Sanofi Pasteur’s Quadrivalent Flu Vaccine Succeeds in Phase III Pediatric Study
Trial compared QIV with trivalent vaccines in children aged 6 months to 8 years.!--h2>
Sanofi Pasteur reported positive data from a Phase III study comparing its quadrivalent influenza vaccine (QIV) to the firm’s approved trivalent vaccine Fluzone®, in infants and children aged 6 months to 8 years. The trial included over 4,300 children, and demonstrated the noninferiority of QIV when compared with vaccination using either the licensed trivalent inactivated vaccine (TIV) Fluzone, which contains two influenza A strains and the Victoria-lineage B strain, or a TIV containing the two licensed A strains plus the alternate (Yamagata) B lineage strain.

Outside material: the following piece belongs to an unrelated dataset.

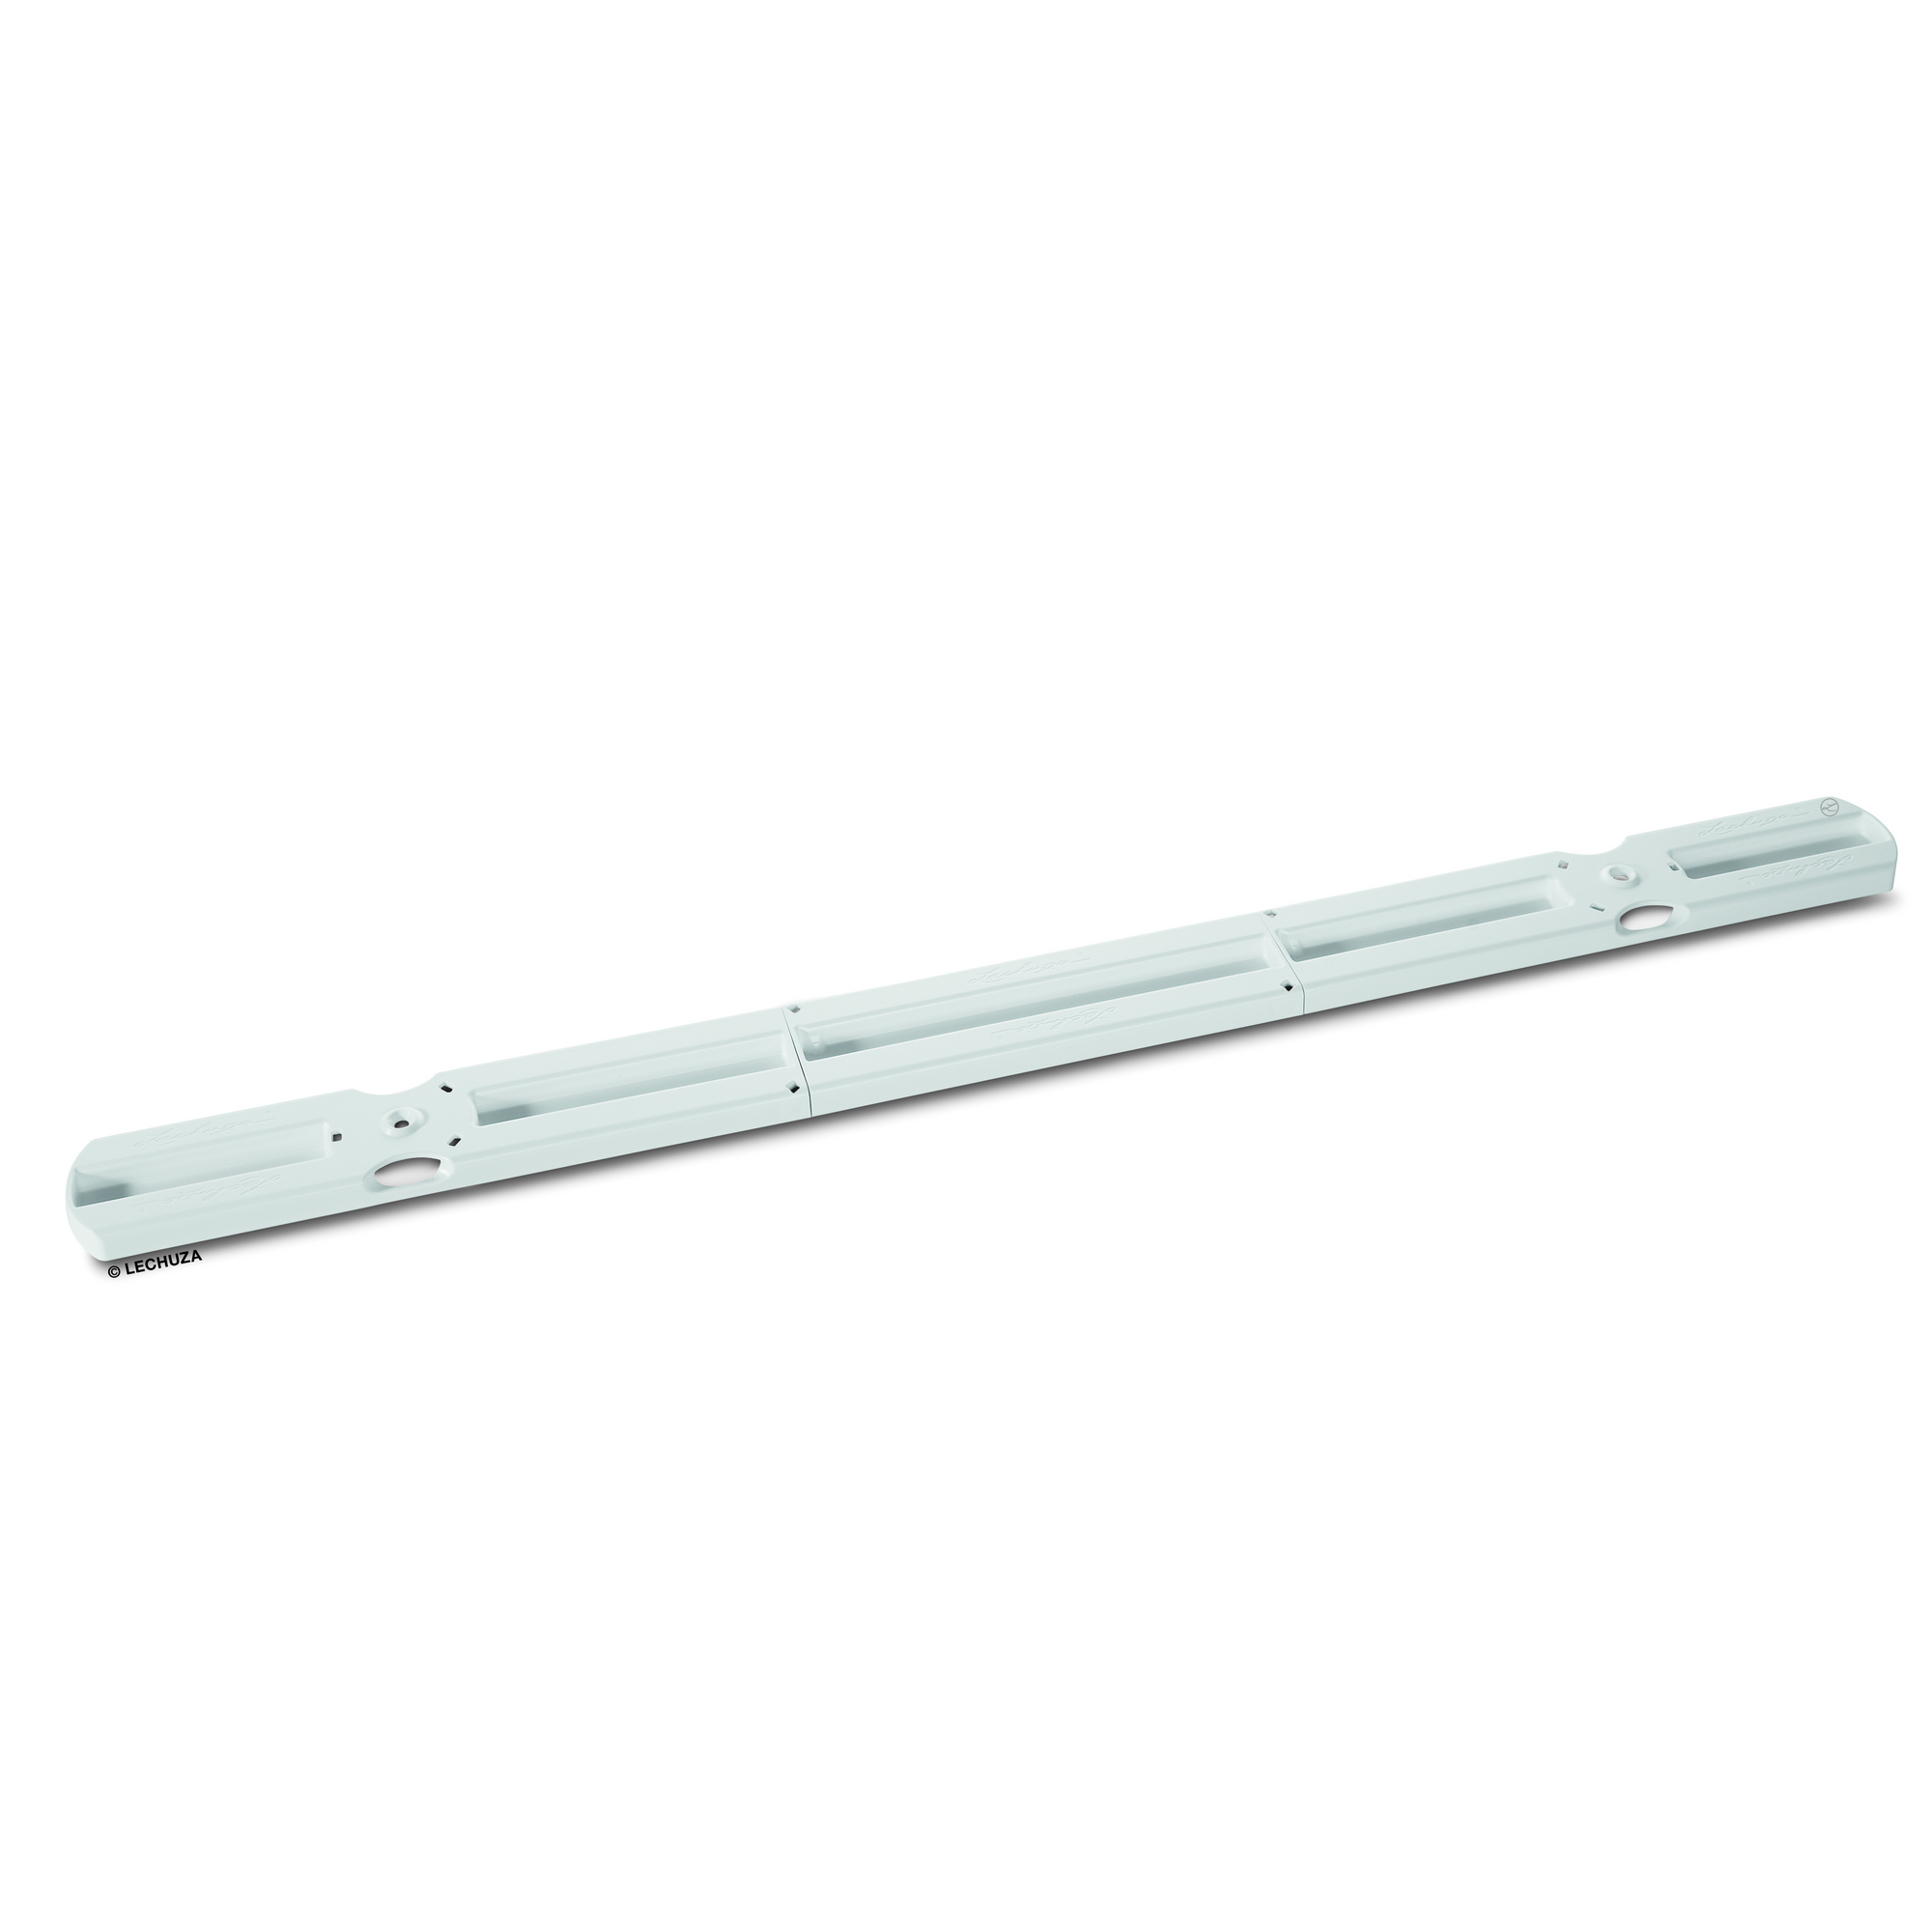 Balkonkastenhalter-Ergänzung Kunststoff weiß 30 x 6 x 5 cm + product picture

Seasonal trivalent influenza vaccines currently contain two A strains and one B strain, but two distinct B lineage strains have co-circulated over the last decade with varying prevlance, which makes it hard to predict which will predominate in a given year, Sanofi Pasteur explains. Moreover, the firm claims, about 50% of the time the B-lineage strain selected for the annual vaccine hasn’t matched the strain predominating during that season.

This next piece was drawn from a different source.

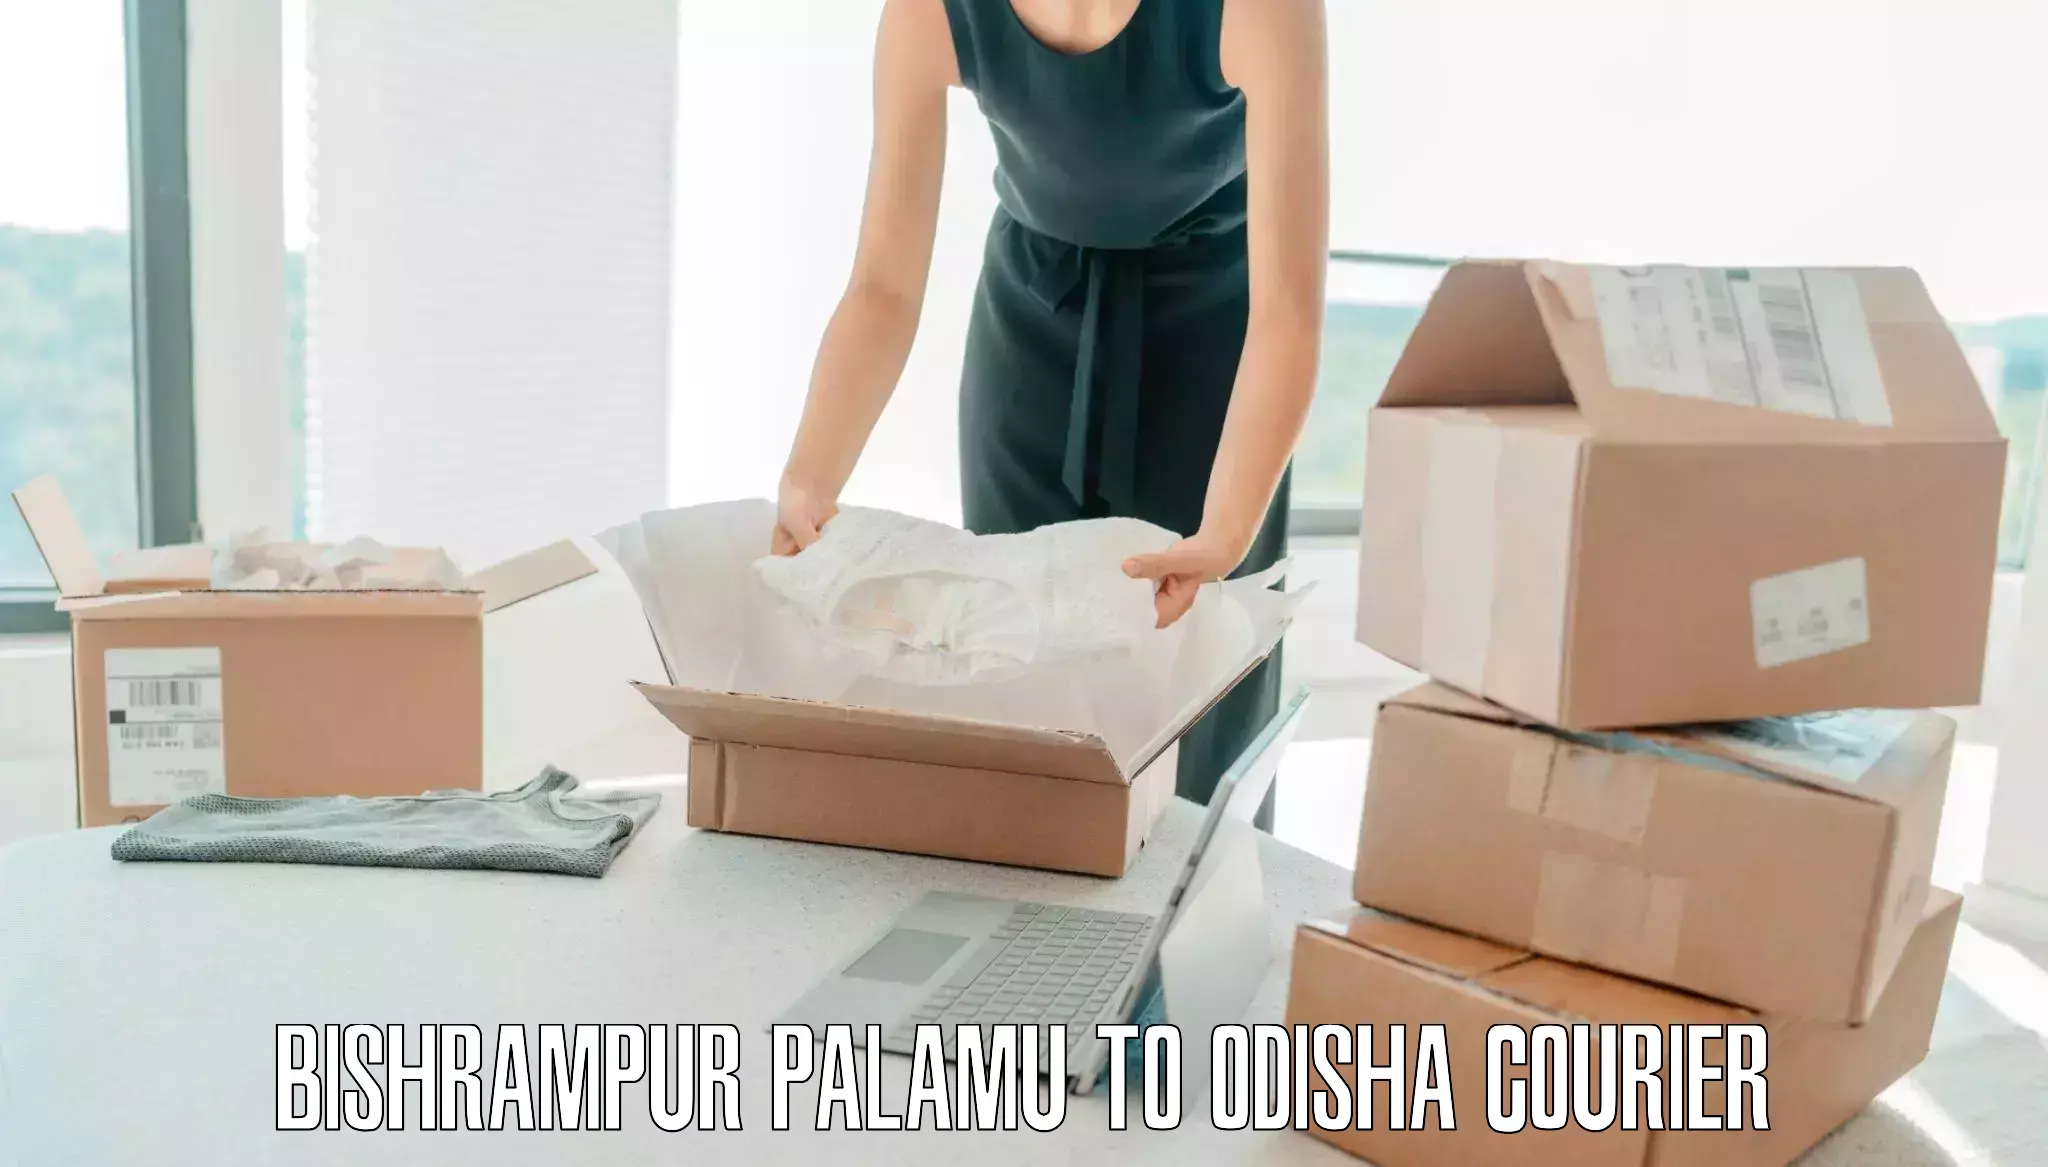 Urgent luggage shipment in Bishrampur Palamu to Riamal

“We believe that a quadrivalent Fluzone vaccine could provide an important public health benefit for people of all ages by providing coverage against an extra B virus strain of influenza,” comments David Greenberg, M.D., senior director for U.S. scientific and medical affairs at Sanofi Pasteur. “Influenza B is responsible for a substantial burden of disease and influenza-associated complications and hospitalizations in children.”